Ama ne mesajı vermek isterse istesin ülkeyi çeke çeke, zorla götürmek istediği bugünkü uygulaması ile kanıtladığı başkanlık-diktatörlük sistemine bu söyledikleri veya şikâyetleri ters düştü.
Neden mi?
Tayyip Bey ve şürekâsı sürekli olarak demokrasi, özgürlük, laiklikten, uygulamalı sisteme kadar ABD’ye benzemek istediklerini söyleyip durur. (En azından Amerikalılara karşı kendilerini böyle savunuyorlar.) Ama Amerikalılar bu son dinleme olayı ile açıklamaları ne yazık ki çözemedi. Bunu ona camları bile silebilecek olan deneyimli Bakanı anlatabilirdi. Ne de olsa Amerikan hükümetine bir süre tercüman olarak çalıştı.
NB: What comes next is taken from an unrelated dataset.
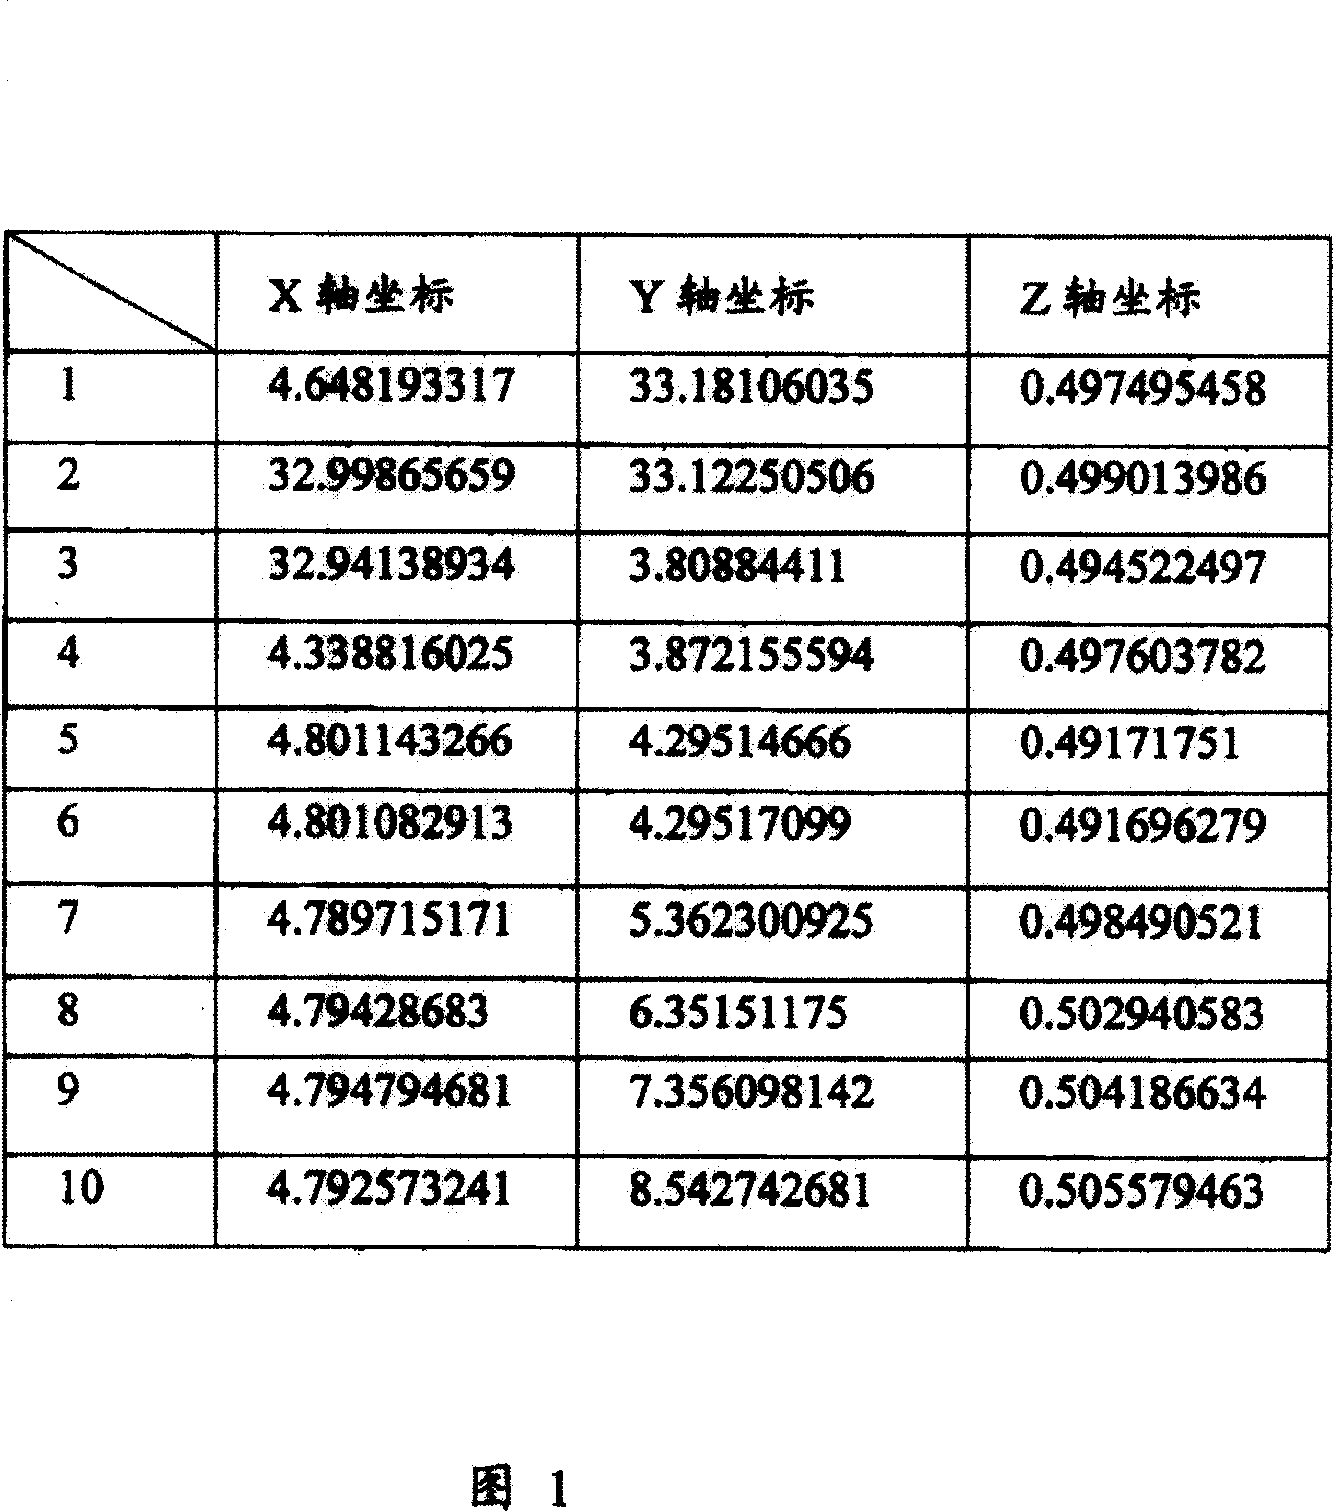 Straight-line degree analytical system and method

Amerikalılara göre, halk dinlenmez, suçtur ama siyasi liderler dinlenir. ABD’de Beyaz Saray’da Başkanların konuşmaları ve tüm toplantıları otomatik olarak dinlenir ve kaydedilir. Uluslararası görüşmeler ve toplantılar kaydedilir. Başkan dışında bir siyasi partiyi dinleyen ABD Başkanı Nixon, hatırlarsanız Başkanlık görevinden indirilmişti.
Başkanlar görevleri bitince adlarına kurulan Başkanlık kütüphaneleri veya Başkanlık arşivlerine geçen bu kayıtlar, yaklaşık 25 yıl sonra da kamuoyuna açıklanır. Rivayet o ki Clinton’un, Oval Ofis’te Yaser Arafat’la telefonla konuşurken Monika Lewinsky ile yaşadığı seks sahnelerinin nefes alışları bile bu kayıtlarda var. Daha henüz süre dolmadığı için dinleyemedik. Göreceğiz.
Aslında modern devletlerde, devlet erkânının görüşmeleri, konuşmaları, bir şekilde kayıt altına alınır. Tabii molla takımında devlet tecrübesi olmadığı için, tüm görüşmelerini gizli ve kamuoyunun bilgisinden ayrı yapmak istemekte haklılar. Zira Arap ülkelerinin çoğunda işler kapalı kapılar ardında halledilir.
Mesela Dışişleri Bakanlığı; tüm görüşmeleri kayıt altına almak zorundadır veya zorundaydı. Eğer teybe kaydedilmezse içeride bir yetkili görüşmeler için not tutup, daha sonra bu, belge haline getirilir ve saklanır. Buna görüşmelerin “minute”leri denir. Bunlar iktidara gelene kadar Cumhuriyet devletinin böyle bir geleneği vardı. Zira devletin halktan gizlisi yoktu. Şimdi gizlemek istendiğine göre, başka bir amaç ve gündem var, o anlaşılıyor.
Mesela hani Ahmet Özal, babam, babam diye etrafı toz dumana katmak istiyor ya. Ona da bir müjdem var. Bugünlerde babası Turgut Özal ve annesi Semra Hanım’ın Bush zamanında kaldıkları Başkanlık tatil yeri Camp David’de yapılan konuşmaları yakında kamuoyuna açıklanacak. İşte o zaman Ahmet Bey’in “babam ölmedi öldürüldü” tarzındaki gazlarının gerçek nedeni de ortaya çıkabilir. Mesela ilk suikast girişimindeki beyin kimdi veya kimin işine yaradı? Bakarsınız, ABD de öldürmüş olabilir babanızı Ahmet Beyciğim. Amerika, işi biten liderleri emekliye falan ayırmıyor. Bu da bir alternatif, ne dersiniz?
Sevgili okurlarım. Aslında kişilerin özellerinin, başkaları tarafından izlenmesi çirkin bir durum. Ama kültürümüzde var bu. Mesela mahalleye gelen gideni perde arkasından izleriz, herkes, herkes hakkında konuşur. Mahalle delikanlıları bile mahalledeki genç kızları haberleri yokken yengen diye paylaşır. Burada durum farklı, 30 yıllık kapı komşumun adını bilmem.
Bu arada 2013’ün bir öncekinden daha özgür ve huzur içinde geçmesini sağlık ve mutluluk getirmesini dilerim.